Colombian royalties are regulated under Colombia Law 756 of 2002, as modified by Law 1530 of 2012. All discoveries made subsequent to the enactment of Law 756 of 2002 have the sliding scale royalty described below. Discoveries made before the enactment of Law 756 of 2002 have a royalty of 20%, and in the case of such discoveries under association contracts reverted to the national government, an additional 12% applies for a total royalty of 32%.
The Agencia Nacional de Hidrocarburos (National Hydrocarbons Agency) (“ANH”) contracts have royalties that are based on a sliding scale described in Law 756 of 2002. These royalties work on an individual oil field basis starting with a base royalty rate of 8% for gross production of less than 5,000 bopd, increases in a linear fashion from 8% to 20% for gross production between 5,000 and 125,000 bopd and is stable at 20% for gross production between 125,000 and 400,000 bopd. For gross production between 400,000 and 600,000 bopd the rate increases in a linear fashion from 20% to 25%. For gross production in excess of 600,000 bopd the royalty rate is fixed at 25%. The Santana and Nancy-Burdine-Maxine Blocks have a fixed rate for existing production of 32% and 20%, respectively, and sliding scale for new discoveries or incremental production duly approved by ANH. In addition to the sliding scale royalty, the following blocks have additional x-factor royalties: Llanos-22, Putumayo-2, Putumayo-4 and Putumayo-7: 1%; Sinu-1, VMM-2 and Llanos-10: 3%; Putumayo-1: 5%; Putumayo-31: 12%; Sinu-3: 17%; Llanos-1: 31%; Llanos-53: 33%; Llanos-70: 31%; Putumayo 25: 19%.

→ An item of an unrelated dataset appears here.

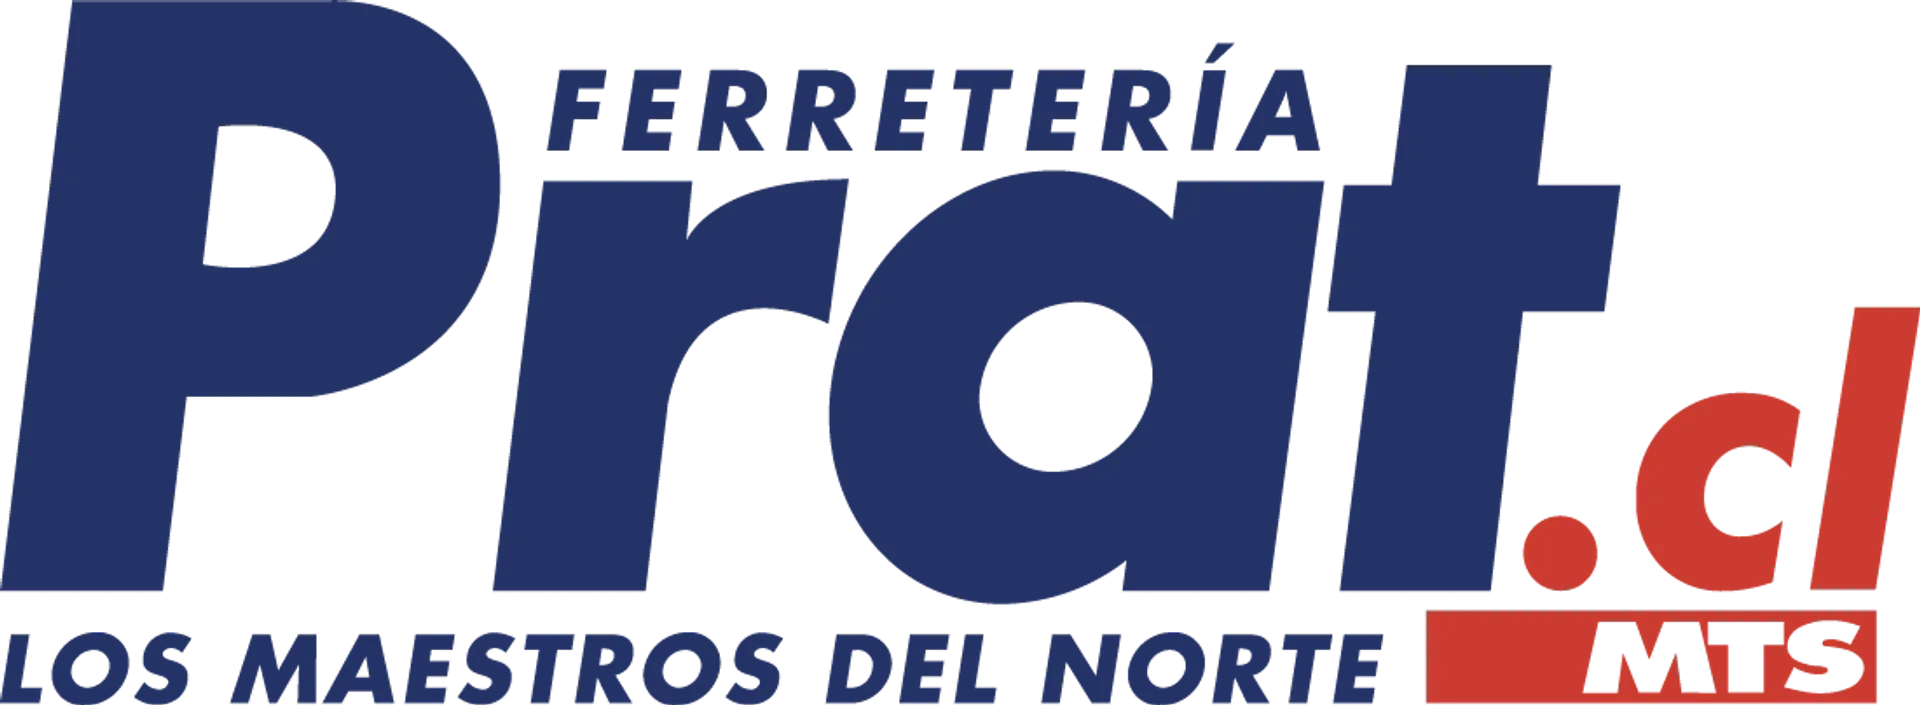 FERRETERIA PRAT logo
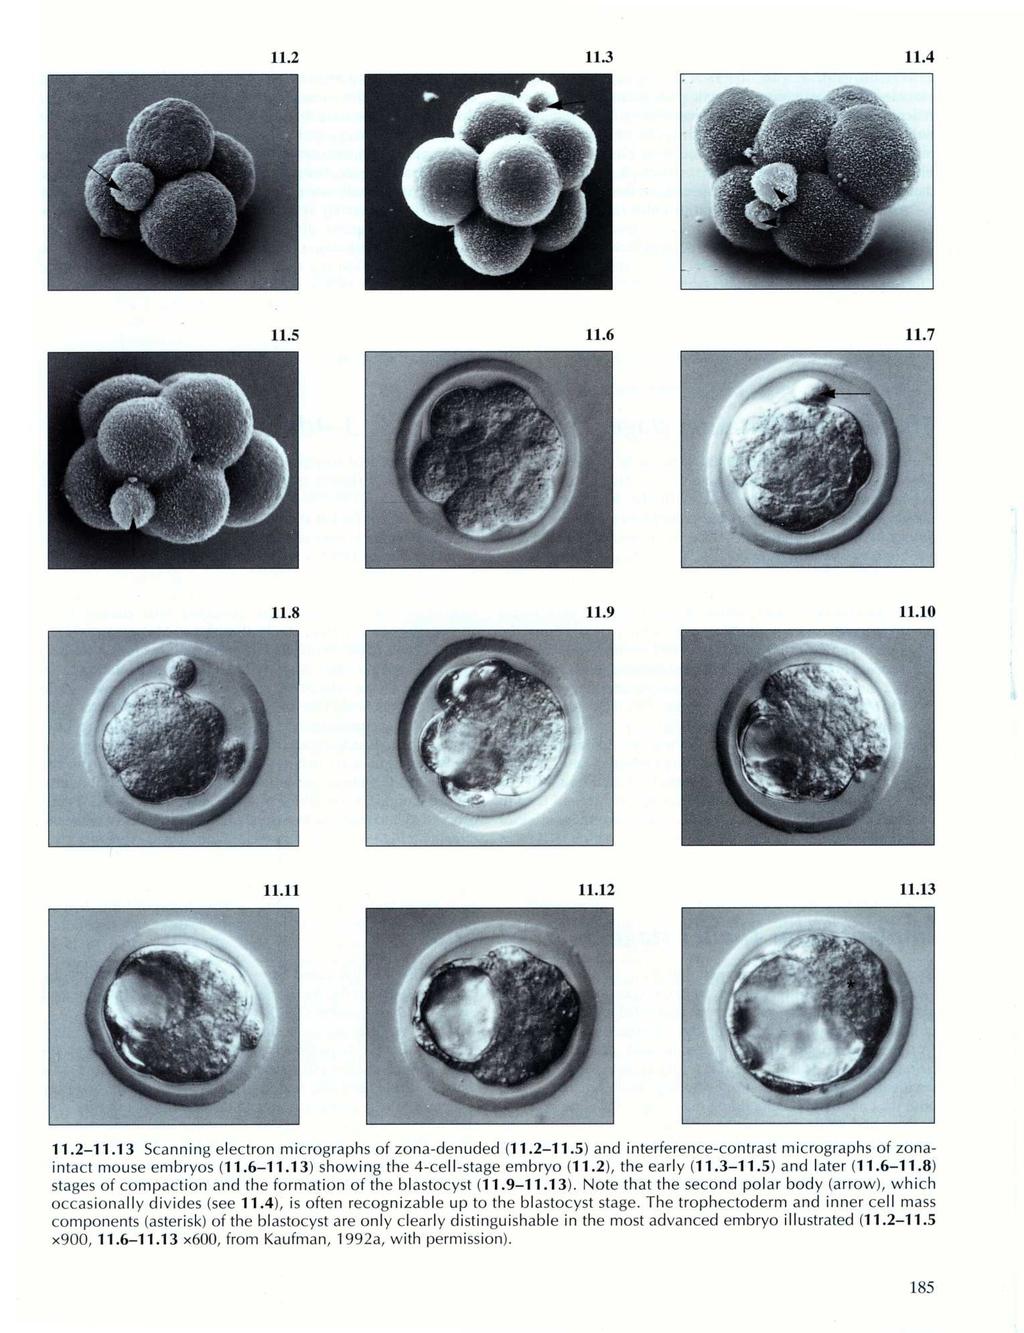 blastocisto de mamífero contêm MASSA CELULAR INTERNA que formará o embrião

For gas fields, the royalty is on an individual gas field basis starting with a base royalty rate of 6.4% for gross production of less than 28.5 MMcf of gas per day. The royalty increases in a linear fashion from 6.4% to 20% for gross production between 28.5 MMcf of gas per day and 3.42 Bcf of gas per day and is stable at 16% for gross production between 712.5 to 2,280 MMcf of gas per day. For gross production between 2.28 to 3.42 Bcf of gas per day the rate increases in a linear fashion from 16% to 20%. For gross production in excess of 3.42 Bcf of gas per day the royalty rate is fixed at 20%.
An additional royalty (the “HPR royalty”) applies on exploration and production contracts signed under the ANH oil regulatory regime in 2004 and onwards when cumulative gross production from an Exploitation Area is greater than five MMbbl and reference prices exceed the trigger price defined in the contract. For exploration and production contracts awarded in the 2010, 2012 and 2014 Colombia Bid Rounds, the HPR royalty will apply once the production from the area governed by the contract, rather than any particular Exploitation Area designated under the contract, exceeds five MMbbl of cumulative production. At December 31, 2018, our production from the Costayaco and Moqueta Exploitation Areas in the Chaza block and the Acordionero Exploitation Area in the Midas Block were subject to the HPR royalty. The HPR royalty is calculated based on the established percent (S) of the part of the average monthly reference WTI price (P) that exceeds a base price (Po), divided by the average monthly reference price (P). The Guayuyaco and Suroriente Blocks have the sliding scale royalty but do not have the additional royalty.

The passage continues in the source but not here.